Aが偽の事実F’を前提にして自説に都合のよい偽の結論C’を導く。
<例>
A:このダイエットサプリには「すぐに効果があって痩せられた」という皆様からの絶賛の声が続々と寄せられています。
B:すご~い!絶対欲し~い!でもお値段は高いんでしょ?
A:今から30分以内にお電話いただければ、なんと5割引きで提供いたします。ただし、お客様1人1瓶までとさせていただきます。さらに本日に限り、もう1瓶を無料でプレゼントさせていただきます。
B:え~!私もすぐに電話しなくちゃ!
A:フリーダイヤルは0120の…
ツッコミどころ満載なテレビショッピングのベタなやり取りにおいて、最も注意すべきポイントは、「すぐに効果があって痩せられた」という絶賛の声は「個人の感想」であり、誇張が含まれている可能性があるということです。さらには「絶賛の声が続々寄せられている」という文言にも誇張が含まれている可能性があります。

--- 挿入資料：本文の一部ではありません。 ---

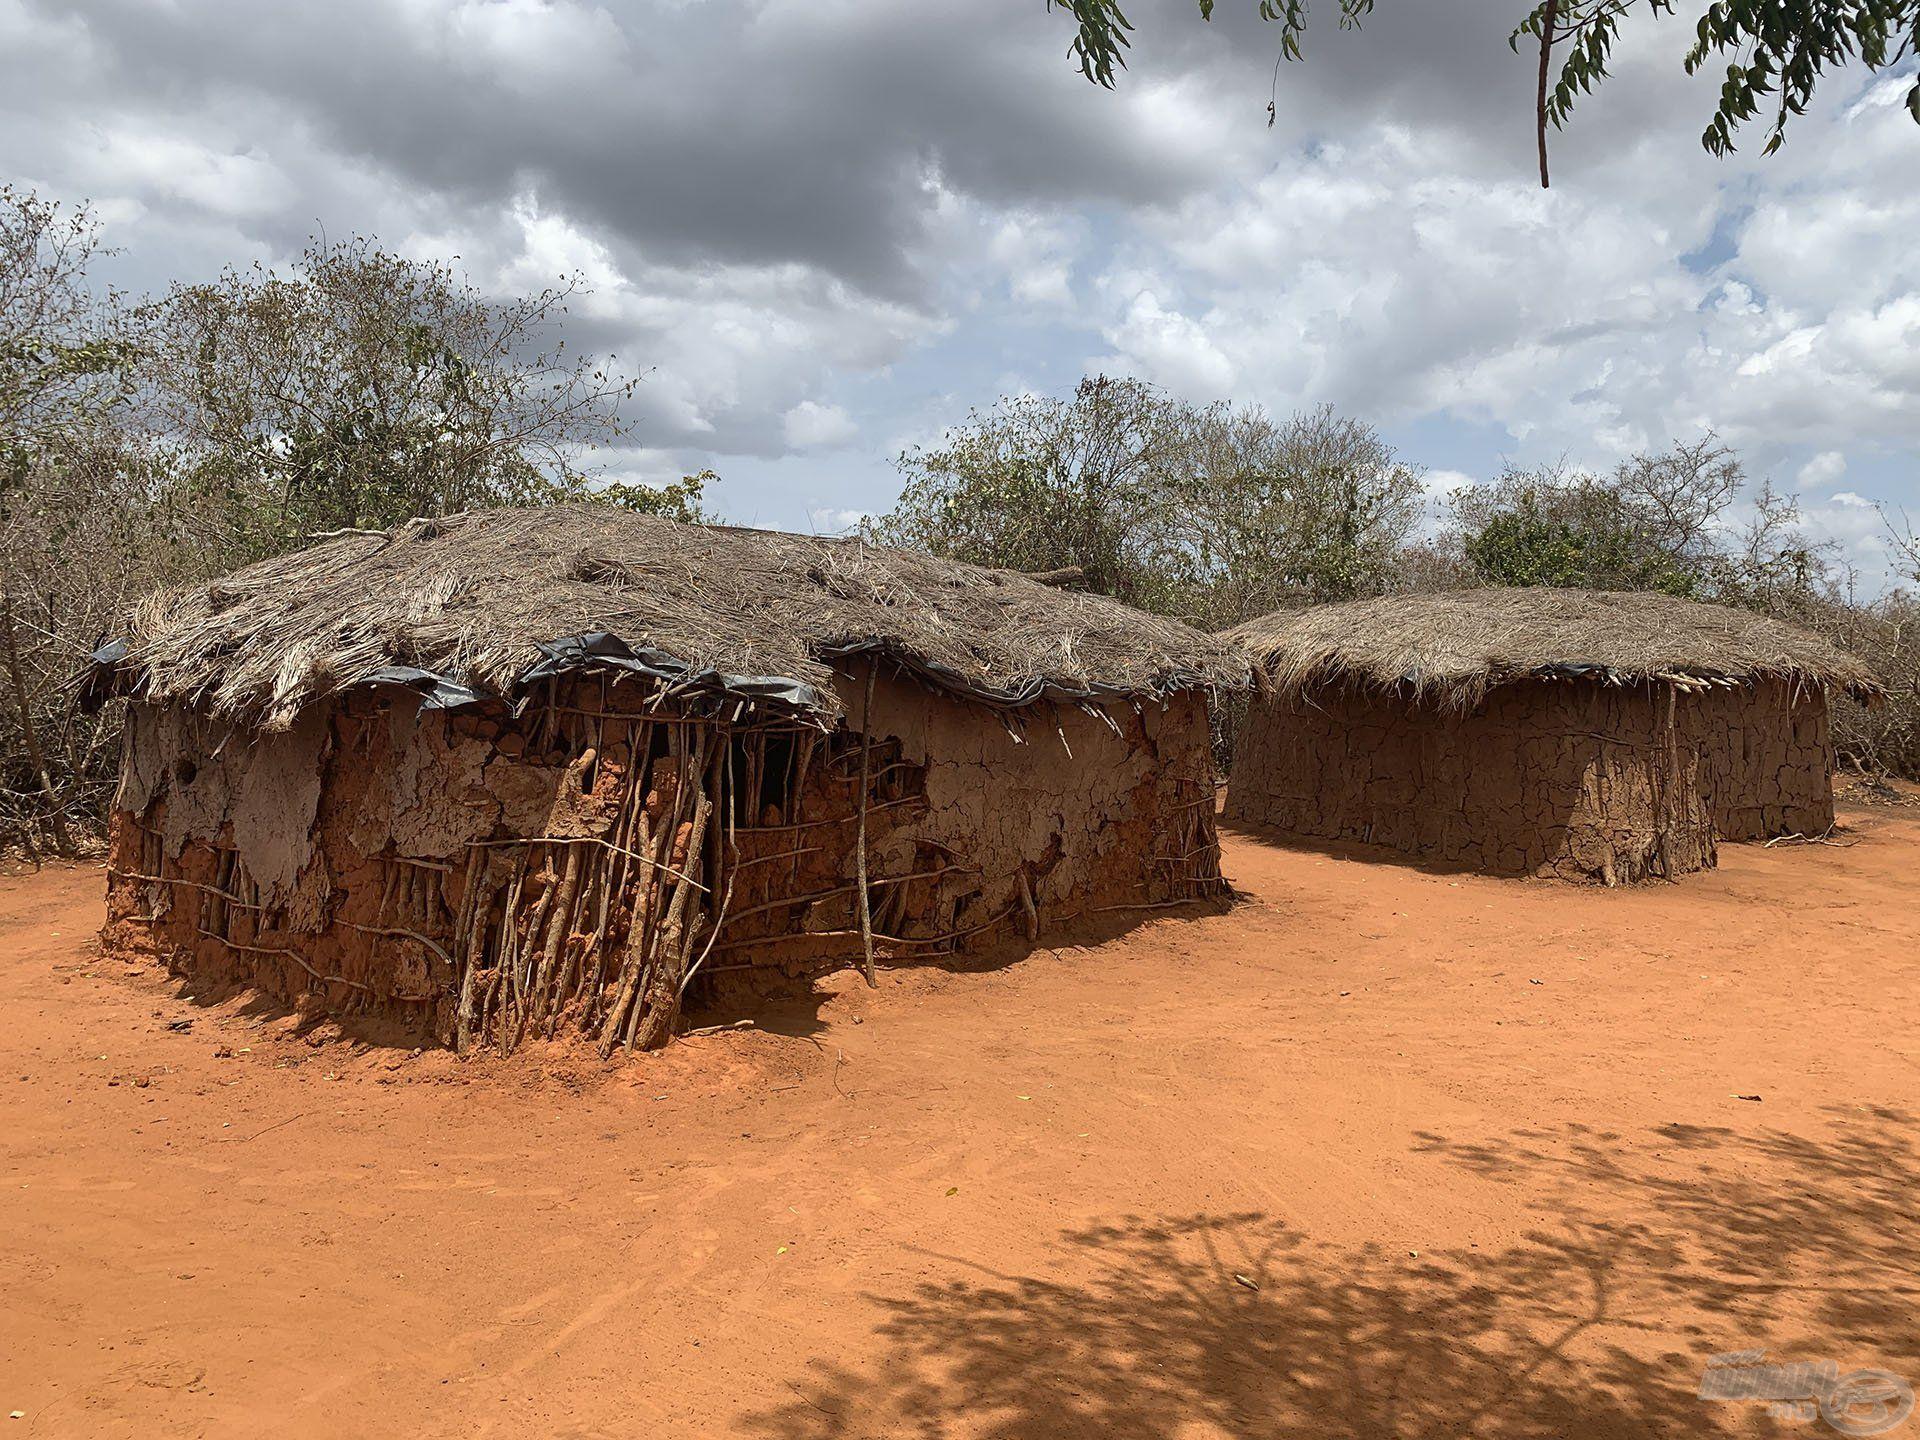 A legtöbb faluban az alap infrastruktúra (áram, ivóvíz) sem áll rendelkezésre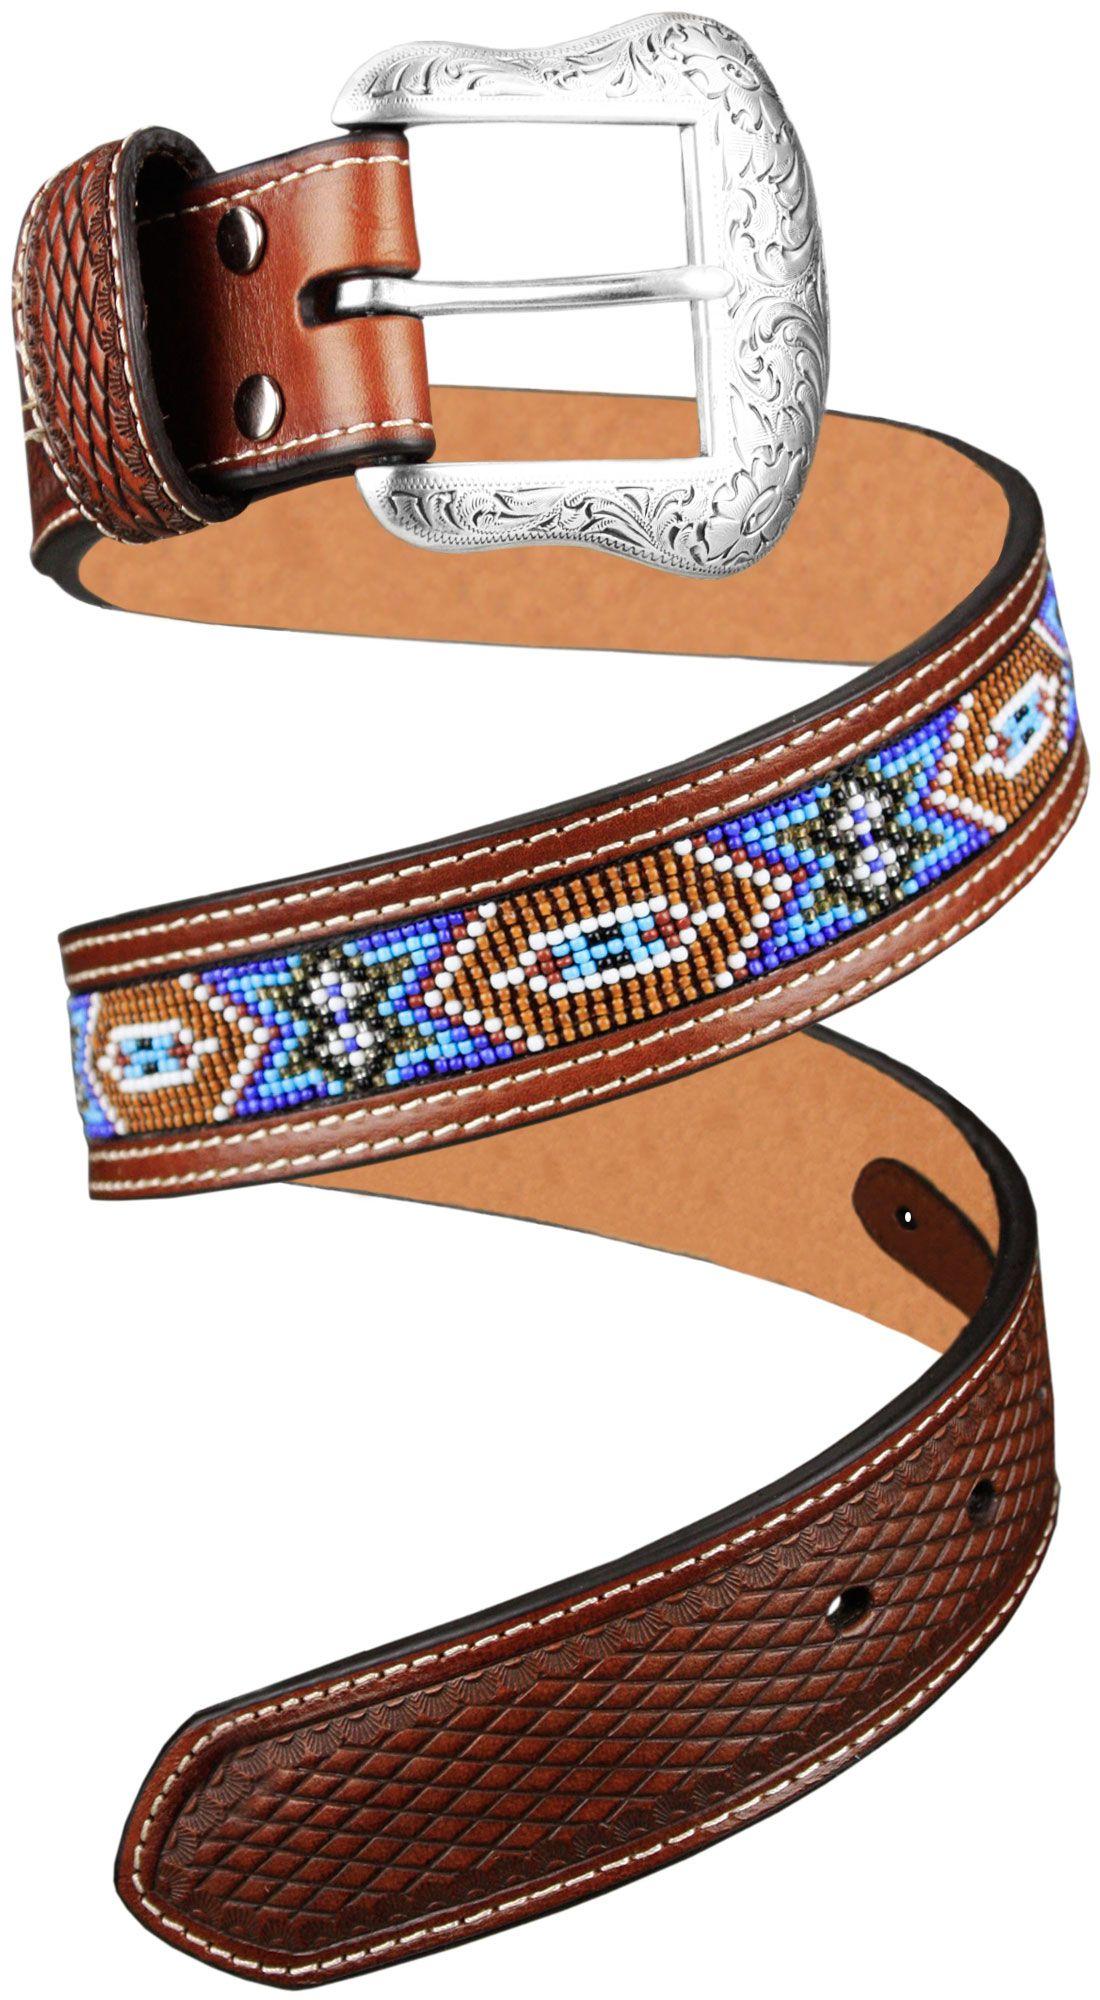 Cinto Masculino de Couro Importado Nocona e Miçangas Cinto masculino em  couro com desenho estilo indígena 985c046f656

一般に誇張には2つのパターンがあります。1つは事物の定量的な「数」を事実よりも多く示す誇張であり、これは事実を検証できれば誤りを指摘することが可能です。もう1つは事物の評価を一般的な常識とはかけ離れた定性的表現で示す誇張であり、たとえ一般的常識と照らし合わせて誇張を指摘しても「個人の認識の違い」という理由で誇張を否定される可能性があります。
<事例1>220万回リツイート
<事例1a>TBSテレビ『サンデーモーニング』2017/10/15
〔風をよむ ふたつのフェイク(ニセ情報)〕
橋谷能理子アナ:投票日まで1週間と迫った衆議院選挙。ところがインターネット上で虚偽の記事や情報、いわゆるフェイク・ニュースが氾濫し、大きな問題となっています。例えば、「新党の名前がロシアの会社に既に商標登録されていて党の代表が唖然」、「新党の公認候補を目指す野党議員が憲法改正は前から賛成だと変節」、先月30日には解散直前に立ち上がったA党に同調せず、新たに旗揚げした別のB党に合流したある候補者のフェイク・ニュースが書き込まれます。そこには事実と異なり、「A党に公認申請していた」とありましたが、この情報が瞬く間に拡散。ツイッターでの転載を意味するリツイート数は220万以上にのぼりました。ネット上で氾濫するフェイク・ニュース、その影響は政治や選挙の世界において今や見過ごせないものとなっています。(中略)。衆院選投票日まであと1週間、私達は氾濫するネットの情報にどう接すればよいのでしょうか。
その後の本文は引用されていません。